» **WHAT THIS TASK INVOLVES**
Every line of the data below is to be given again as it appears, with the images removed.

[Data entries]

++++++

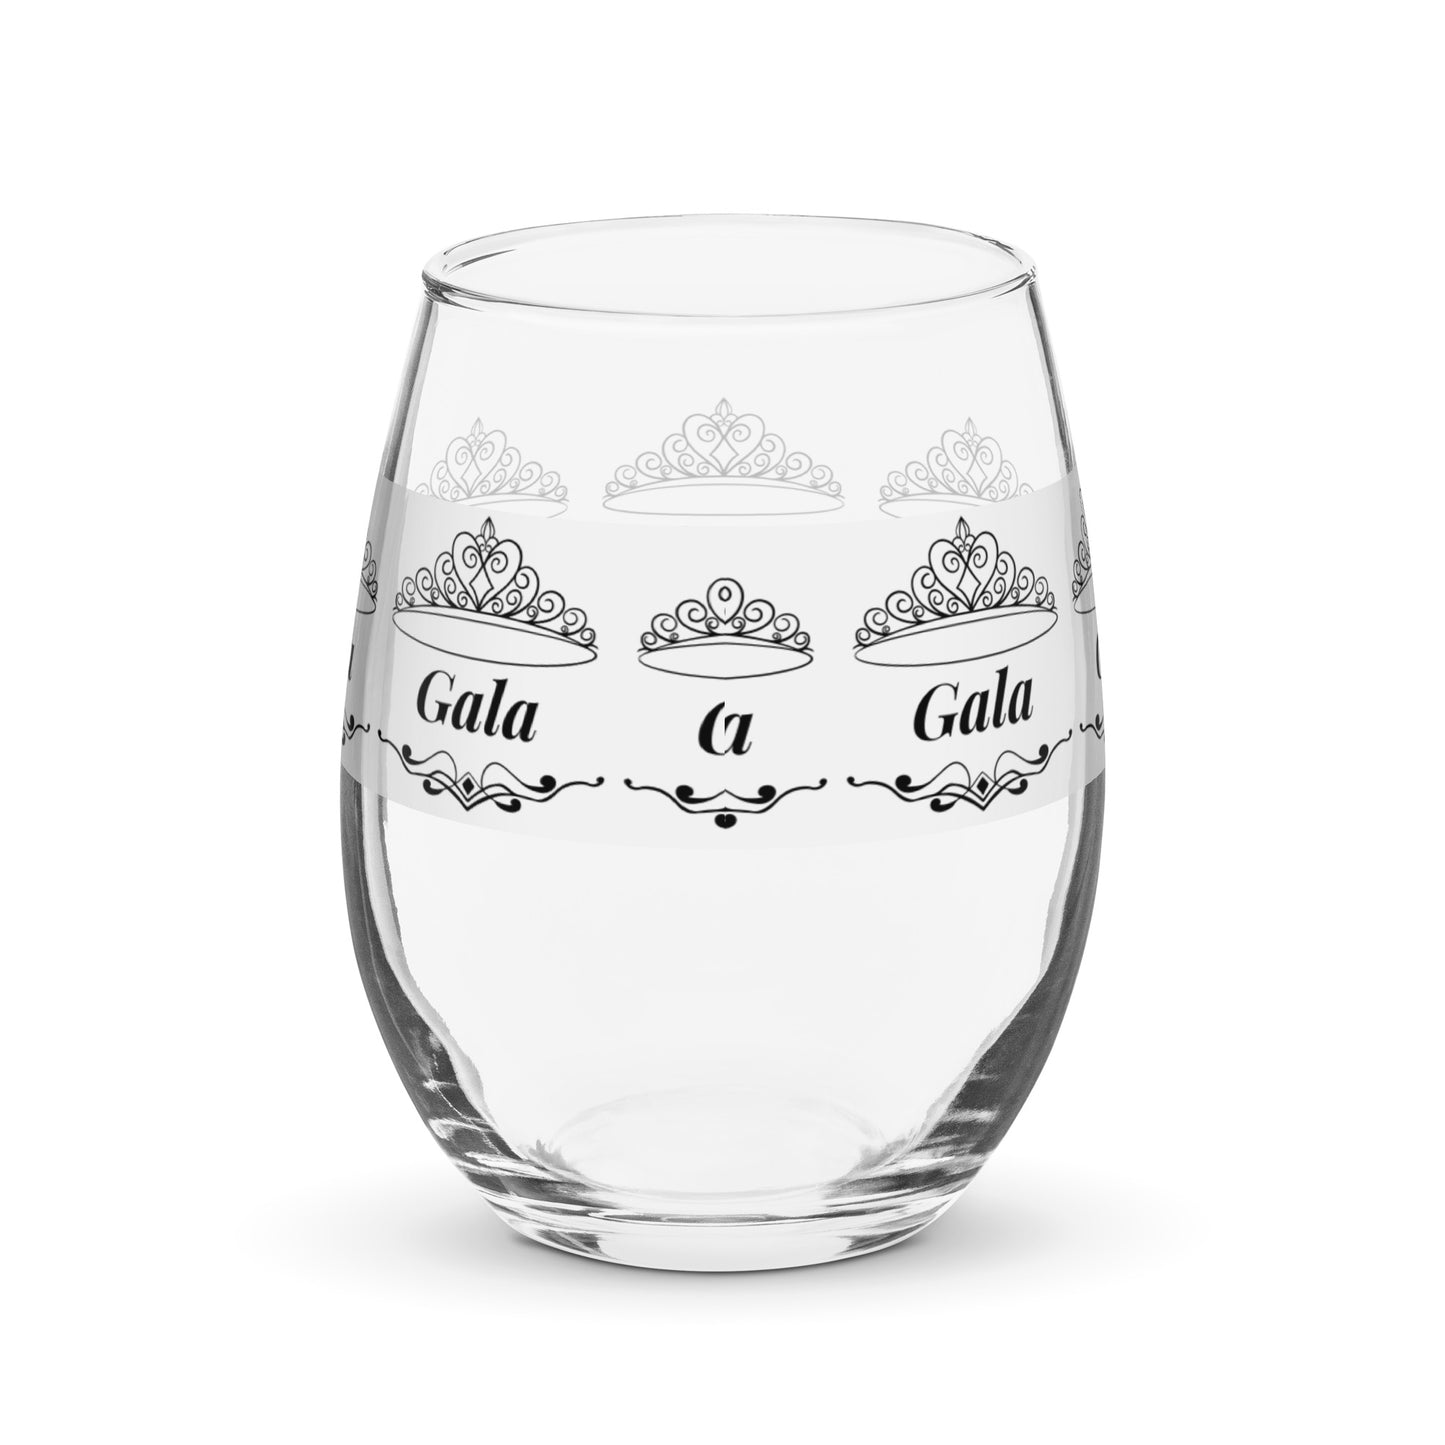 Copa de vino con nombre de Gala copa de vino personalizada copa de vino
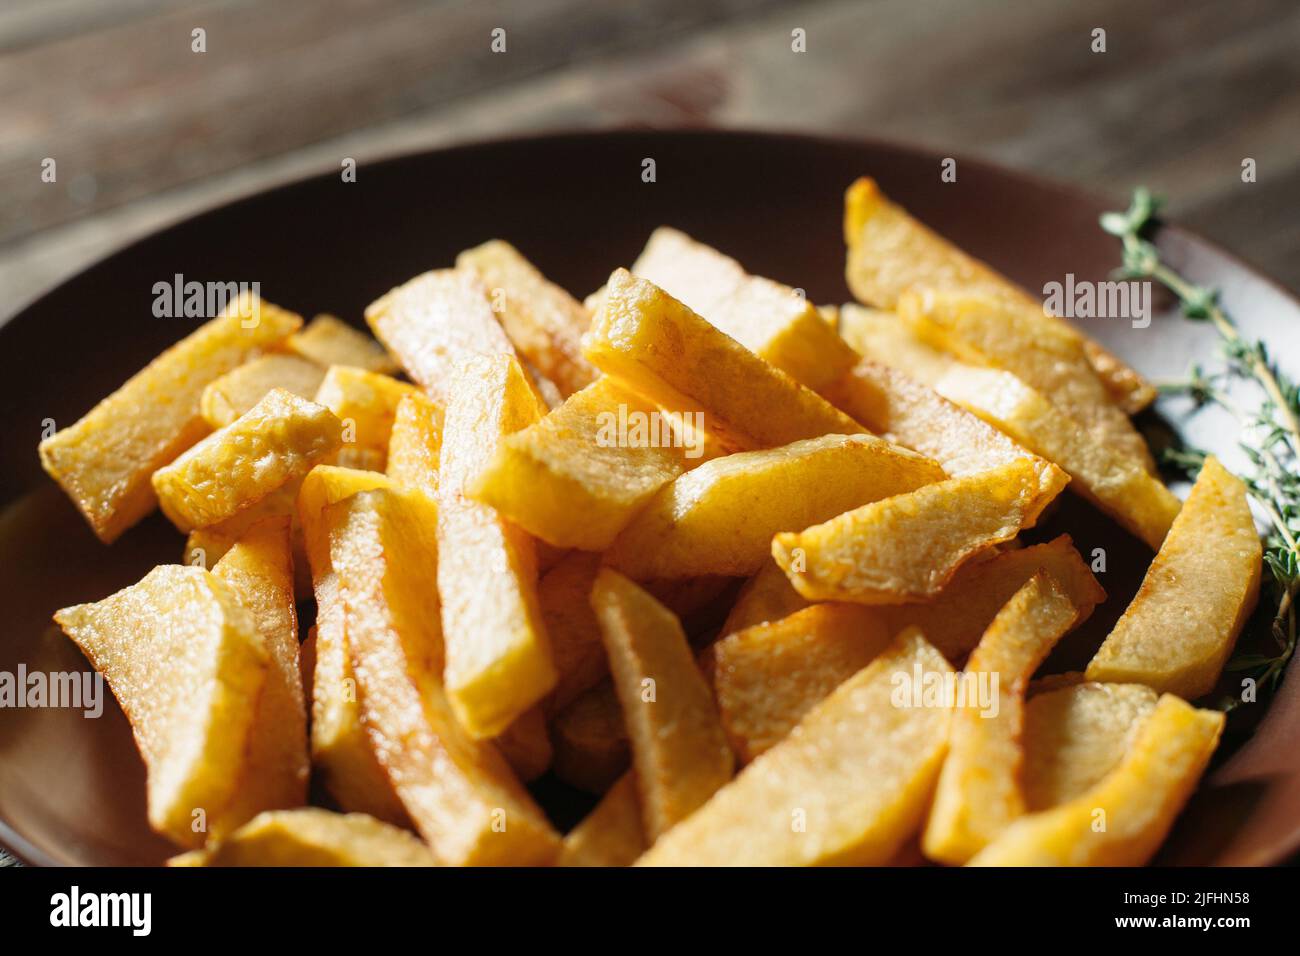 Quartiers de pommes de terre frits dans un bol en argile Banque D'Images
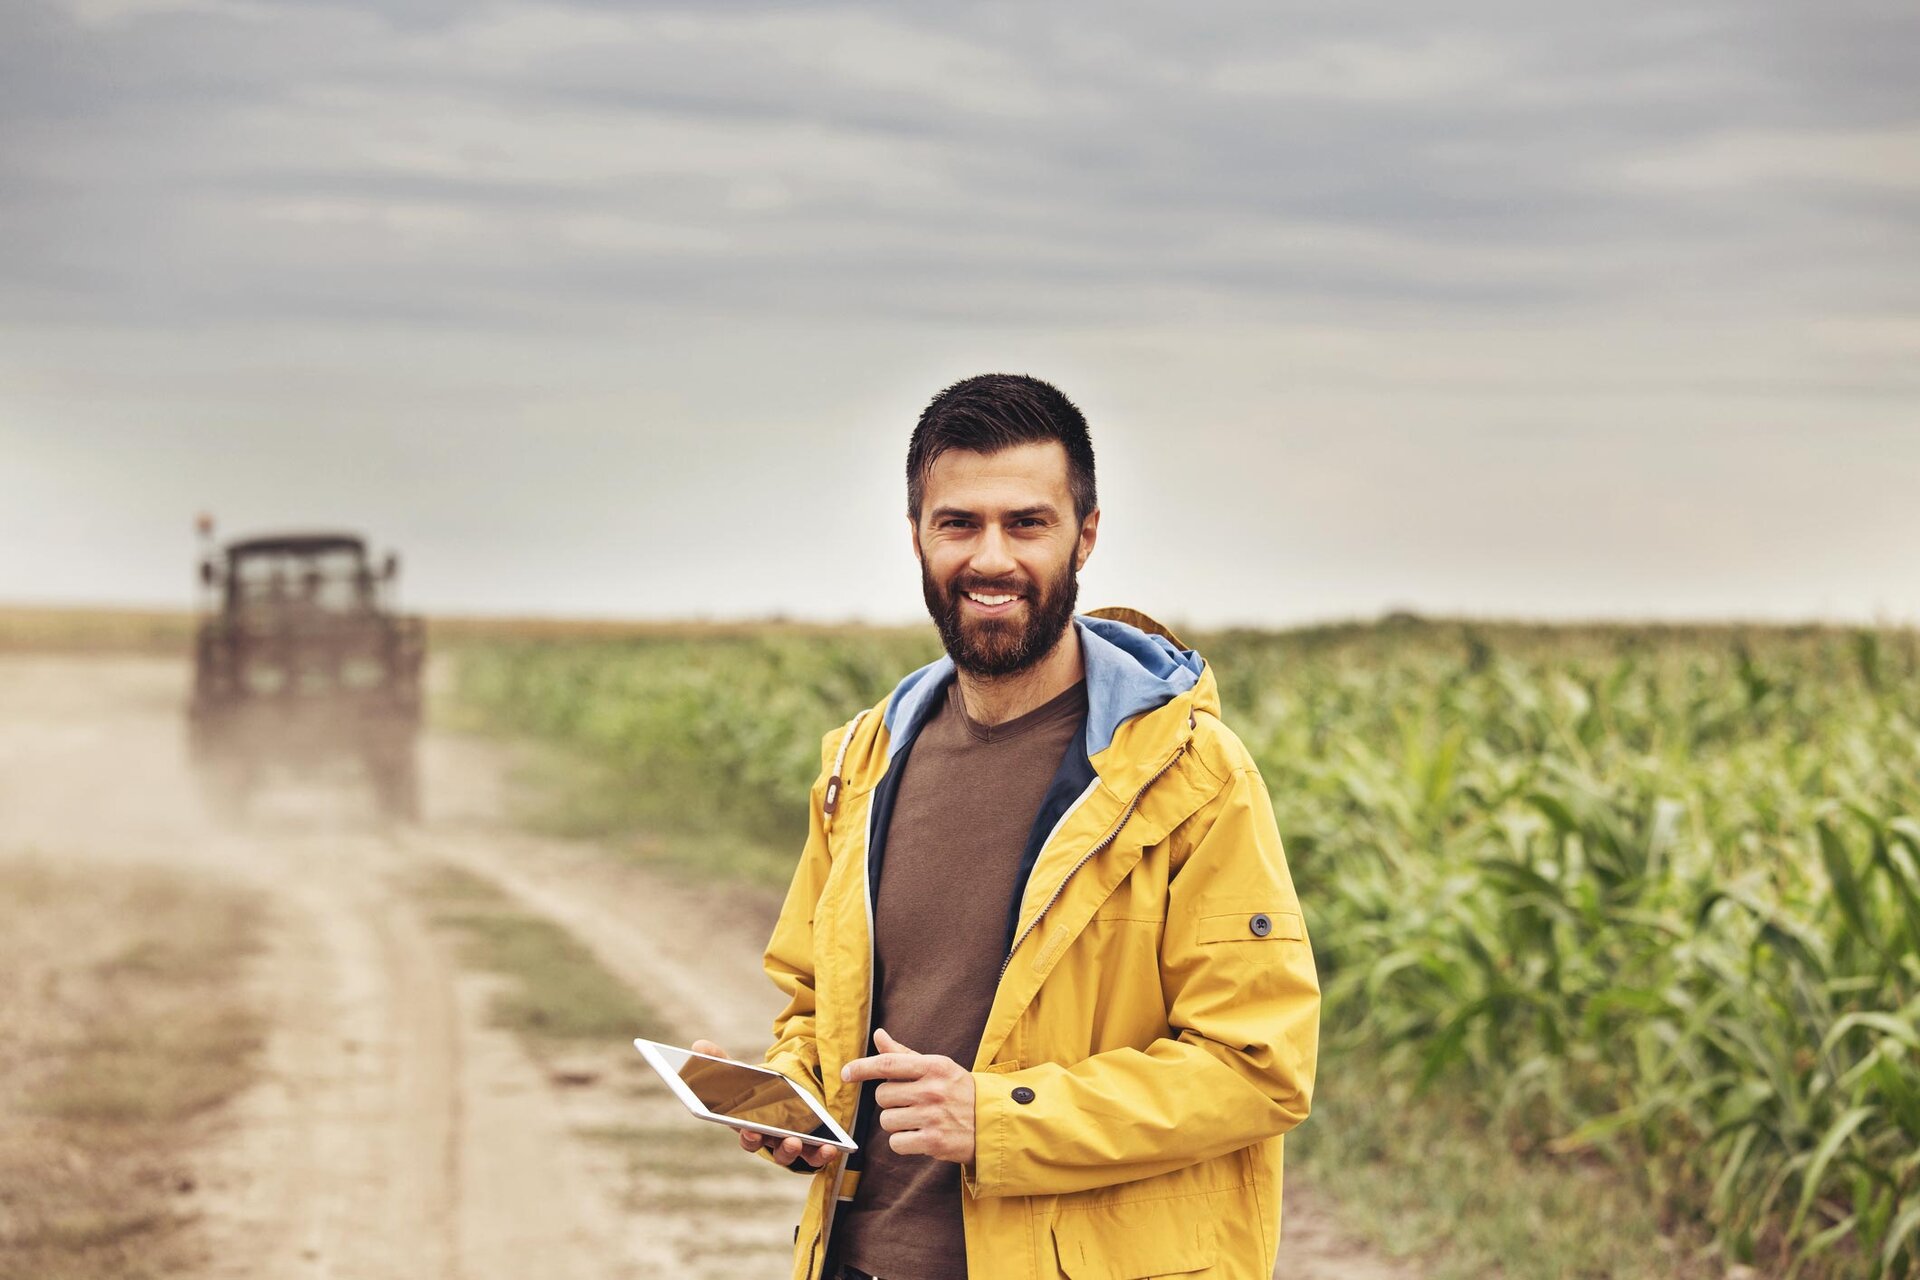 Mann mit Tablet vor einem Maisfeld und einem Traktor
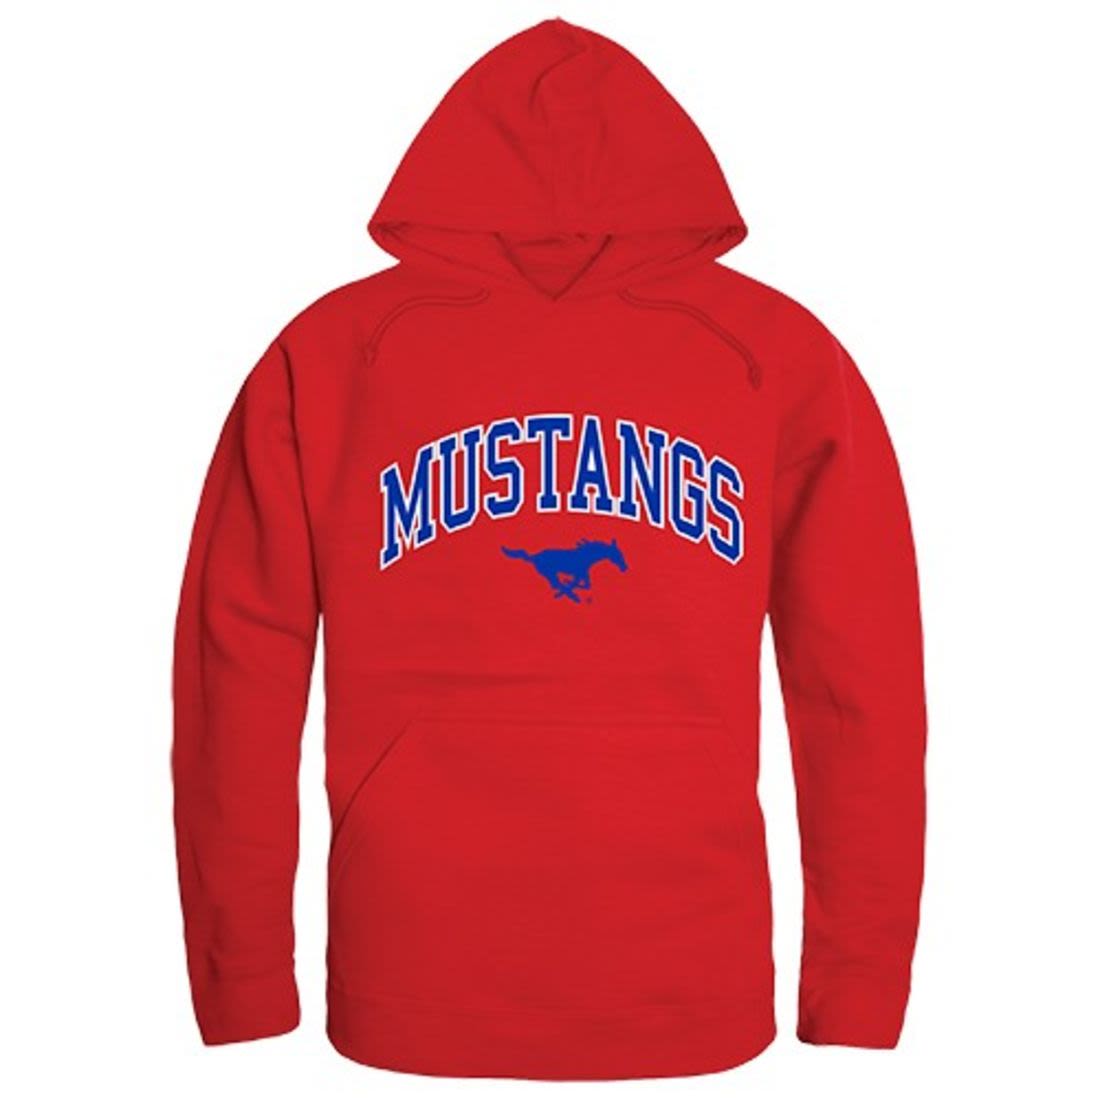 Southern Methodist University Mustangs Campus Hoodie Sweatshirt Red-Campus-Wardrobe
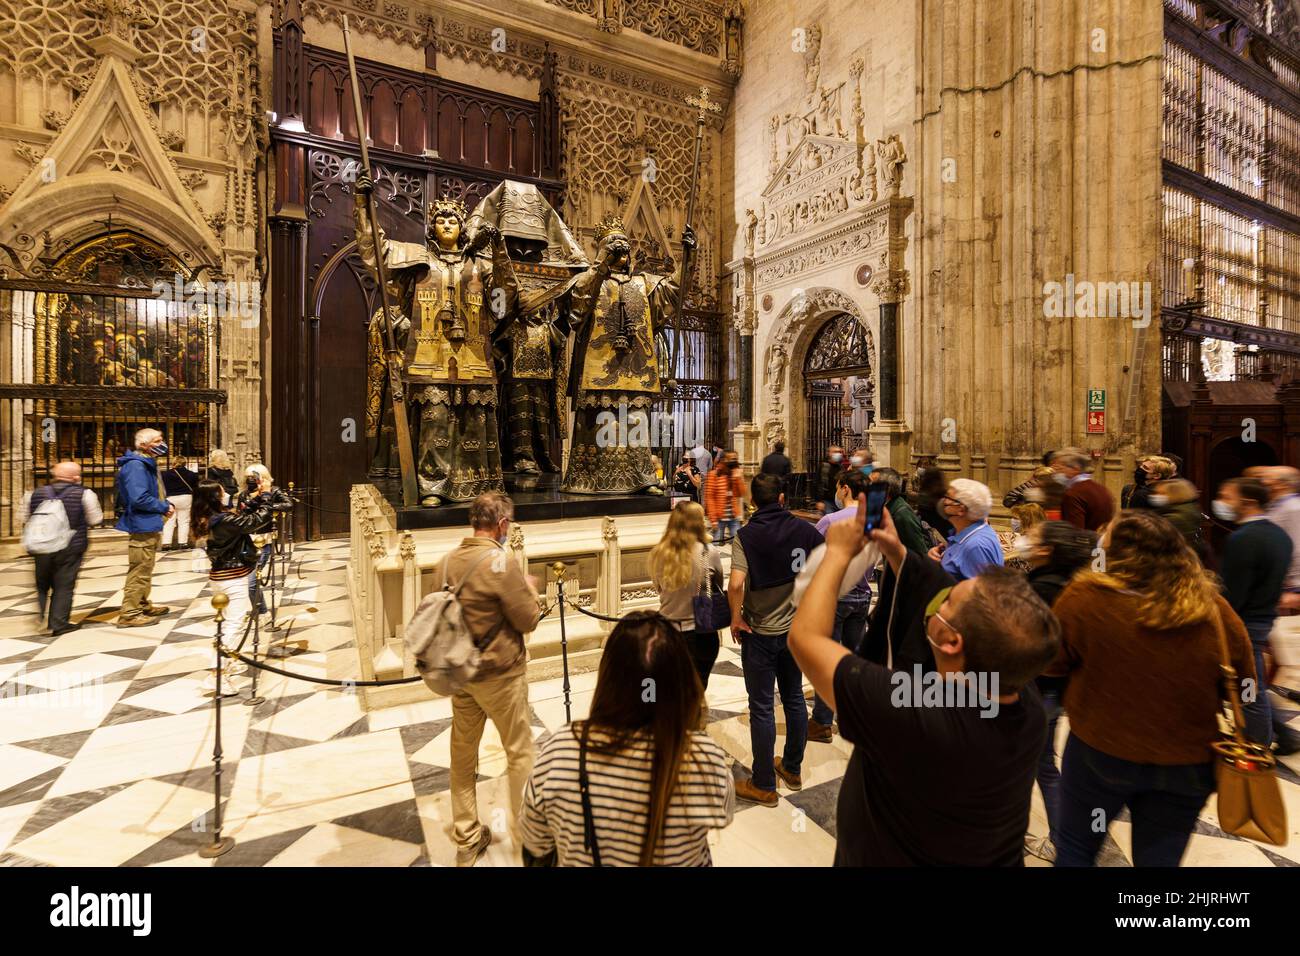 Siviglia, Spagna - Novembre 09 2021: I turisti fotografano la famosa tomba di Cristoforo Colombo all'interno dell'imponente cattedrale di Siviglia, nota anche come la Foto Stock
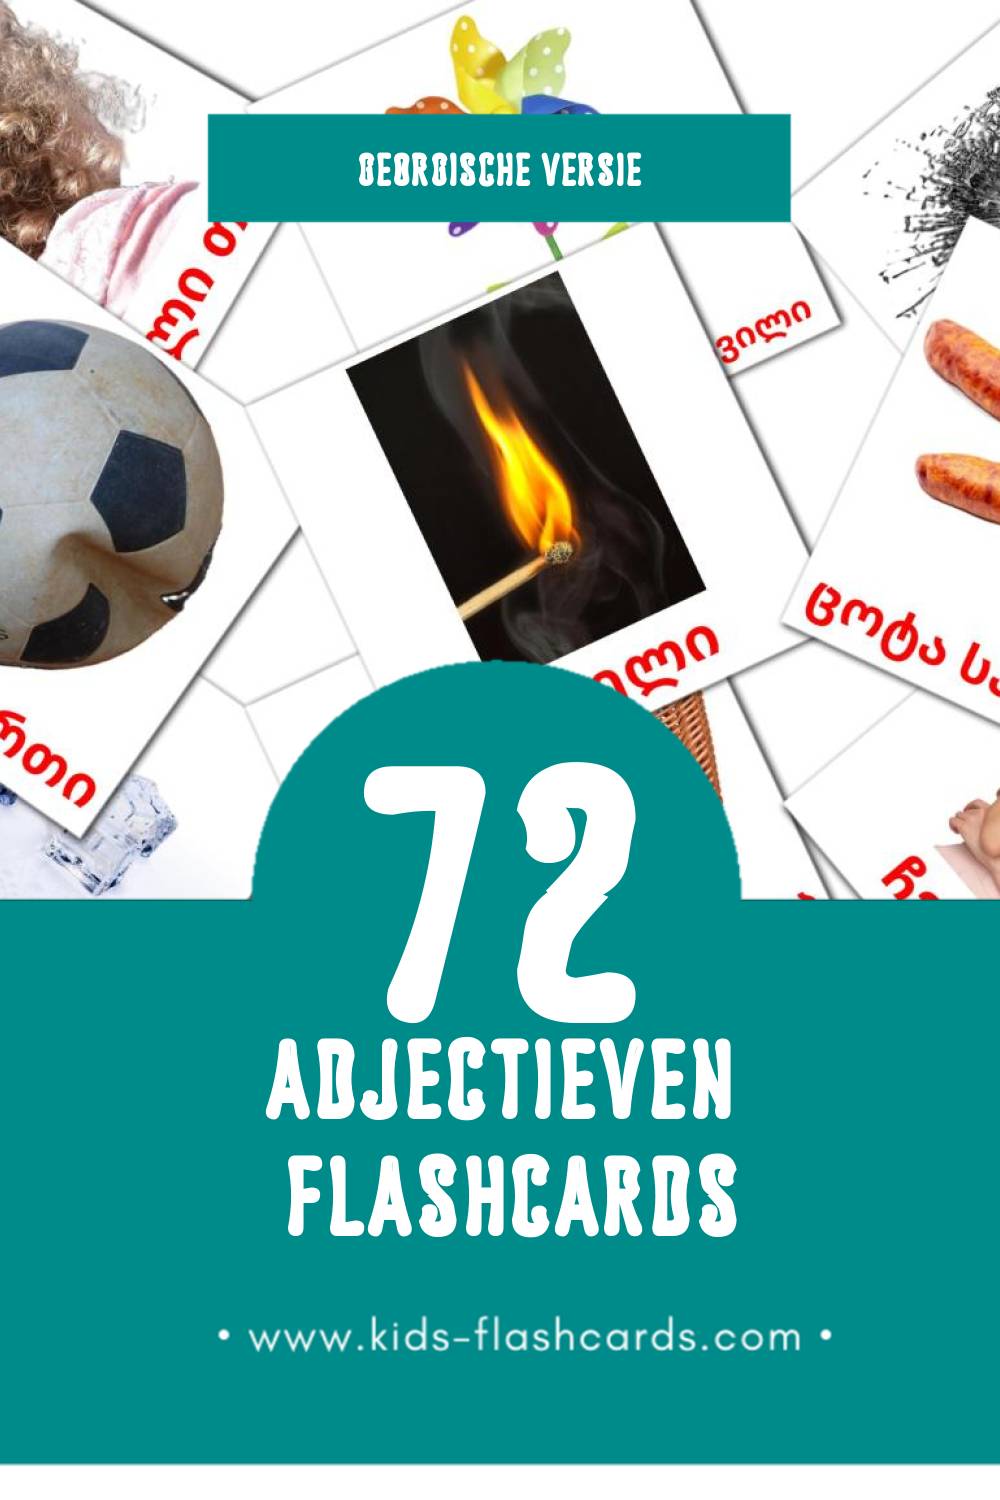 Visuele საწინააღმდეგო ზმნები Flashcards voor Kleuters (72 kaarten in het Georgisch)

++++++

» **SOLUTION TO THE PROBLEM**
 Copa de vino con nombre de Gala copa de vino personalizada copa de vino
 Quartiers de pommes de terre frits dans un bol en argile Banque D'Images
 Mann mit Tablet vor einem Maisfeld und einem Traktor
 Southern Methodist University Mustangs Campus Hoodie Sweatshirt Red-Campus-Wardrobe
 Siviglia, Spagna - Novembre 09 2021: I turisti fotografano la famosa tomba di Cristoforo Colombo all'interno dell'imponente cattedrale di Siviglia, nota anche come la Foto Stock
 Visuele საწინააღმდეგო ზმნები Flashcards voor Kleuters (72 kaarten in het Georgisch)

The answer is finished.